Matthew D. Fuhr
About Matthew D. Fuhr
Executive Vice President and Chief Credit Officer (CCO) of Hanmi Bank since April 2023; previously EVP & Chief Credit Administration Officer (since March 2017) and SVP & Deputy Chief Credit Officer (June 2015–March 2017). Age 62; B.A. in Business Administration (Finance), University of Northern Colorado; prior roles include 13 years as Senior Vice President & Credit Administrator at Pacific Western Bank and Commissioned Bank Examiner at the FDIC . Under his credit leadership, Hanmi reported ROAA of 0.83%, non‑performing assets/total assets of 0.19% (max AIP attainment), and efficiency ratio of 60.31% for 2024; net income was $62.2M and total shareholder return was nearly 29% in 2024 versus ~15% for the S&P Small Cap 600 Bank Index .
Past Roles
| Organization | Role | Years | Strategic Impact |
|---|---|---|---|
| Hanmi Bank | EVP & Chief Credit Administration Officer | Mar 2017–Apr 2023 | Led enterprise credit administration; supported lending unit initiatives and strategic projects tied to portfolio management and asset quality . |
| Hanmi Bank | SVP & Deputy Chief Credit Officer | Jun 2015–Mar 2017 | Strengthened credit oversight framework prior to promotion; portfolio monitoring and risk management . |
| Pacific Western Bank | SVP & Credit Administrator | ~13 years | Oversaw credit administration; long‑tenured management of asset quality and underwriting . |
| Federal Deposit Insurance Corporation | Commissioned Bank Examiner | Prior to Pacific Western | Regulatory examinations; safety and soundness, credit review experience . |
External Roles
No external board or corporate roles disclosed in the 2025 proxy .
Fixed Compensation
Multi‑year compensation (USD):
| Component | 2022 | 2023 | 2024 |
|---|---|---|---|
| Salary | $292,277 | $309,814 | $314,609 |
| Stock Awards (grant‑date fair value) | $84,010 | $118,749 | $149,457 |
| Non‑Equity Incentive (AIP cash) | $157,304 | $127,026 | $143,506 |
| All Other Compensation | $34,343 | $35,665 | $36,619 |
| Total | $567,935 | $591,254 | $644,191 |
Base salary remained unchanged in 2024 at $314,609; the CHR Committee left NEO base salaries flat to prioritize merit increases for non‑executive employees .
Performance Compensation
Annual Incentive Plan (AIP) – 2024
Target bonus 45% of salary; total achieved 101% of target; payout 45.61% of base salary ($143,506) .
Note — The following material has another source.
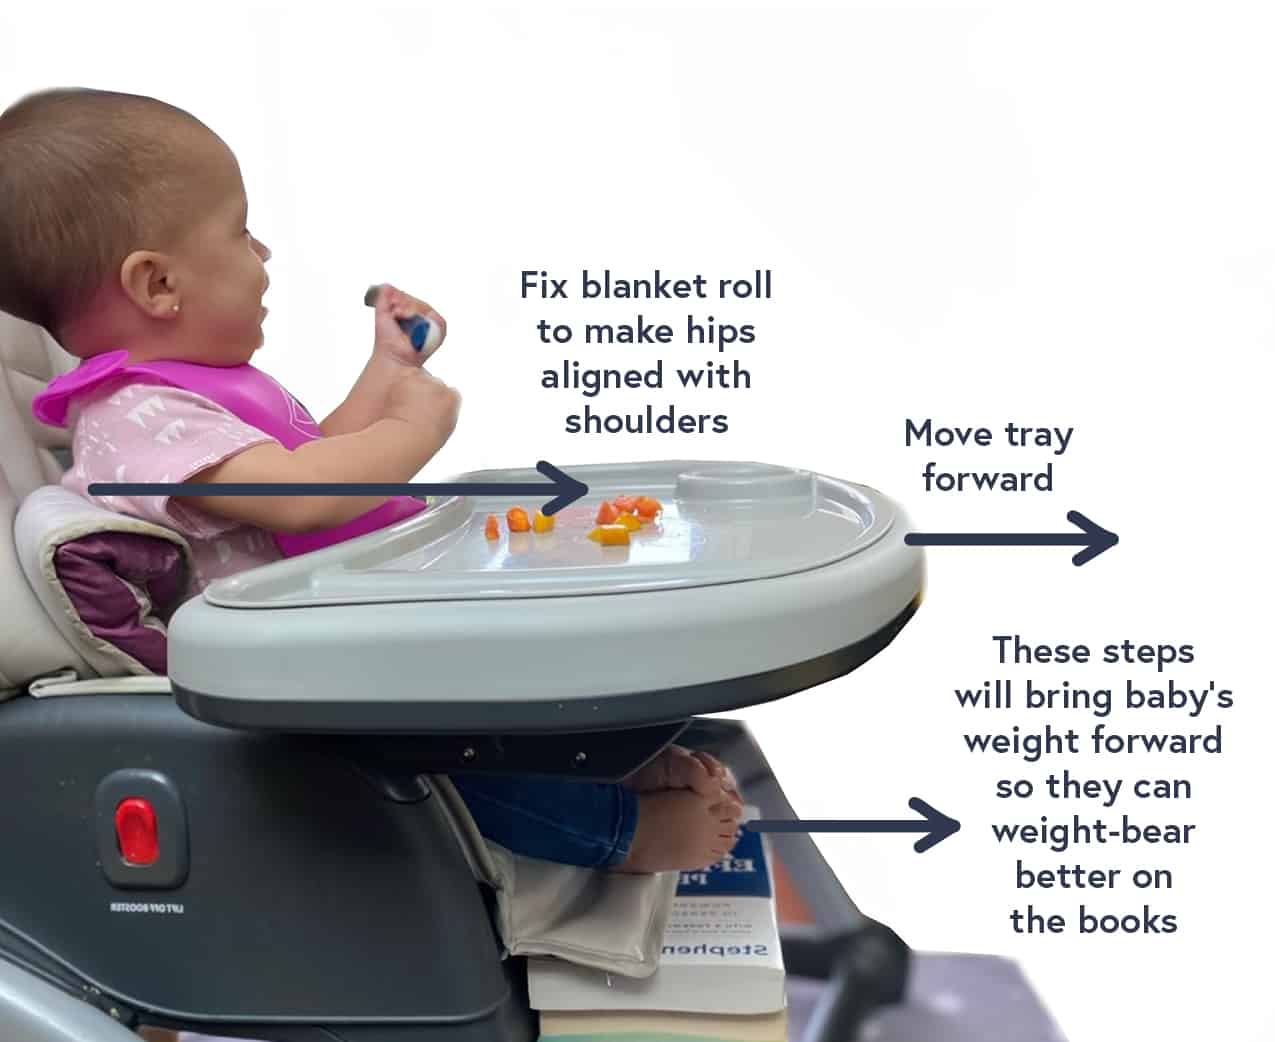 Infant Baby Health Care Booster Seat Dinning Chair Fordable For Toddler Baby  Multifunctional kids product

| Metric | Weight | Threshold | Target | Maximum | Actual | Achievement/Payout |
|---|---|---|---|---|---|---|
| ROAA | 20% | 0.66% | 0.83% | 0.91% | 0.83% | 20.0% |
| NPA/Assets | 20% | 0.42% | 0.35% | 0.28% | 0.19% | 30.0% |
| Efficiency Ratio | 10% | 63.62% | 57.84% | 54.95% | 60.31% | 7.9% |
| Risk Management | 20% | Exam/audit results | Exam/audit results | Exam/audit results | Satisfactory (per policy) | 20.0% |
| Strategic Plan/Project | 20% | Implementation targets | Implementation targets | Implementation targets | Achieved per plan | 18.5% |
| Discretionary | 10% | Personal performance | Personal performance | Personal performance | Resolution/recoveries, asset quality | 5.0% |
Corporate financial goal attainment used for all NEOs in 2024: ROAA at target (100%), NPA/Assets at maximum (150%), efficiency ratio above threshold (79%) .
Long‑Term Equity Incentives
Design: 45% time‑based restricted stock (RS), 55% performance‑based RSUs (PSUs) tied to 3‑year TSR vs KBW Regional Banking Index (threshold 35th percentile → 50% payout; target 50th → 100%; max 75th → 150%; capped at target if absolute TSR is negative) .
2024 grants (April 1, 2024):
- Time‑based RS: 4,621 shares; vests in 3 equal annual installments starting first anniversary; grant‑date fair value $71,579 .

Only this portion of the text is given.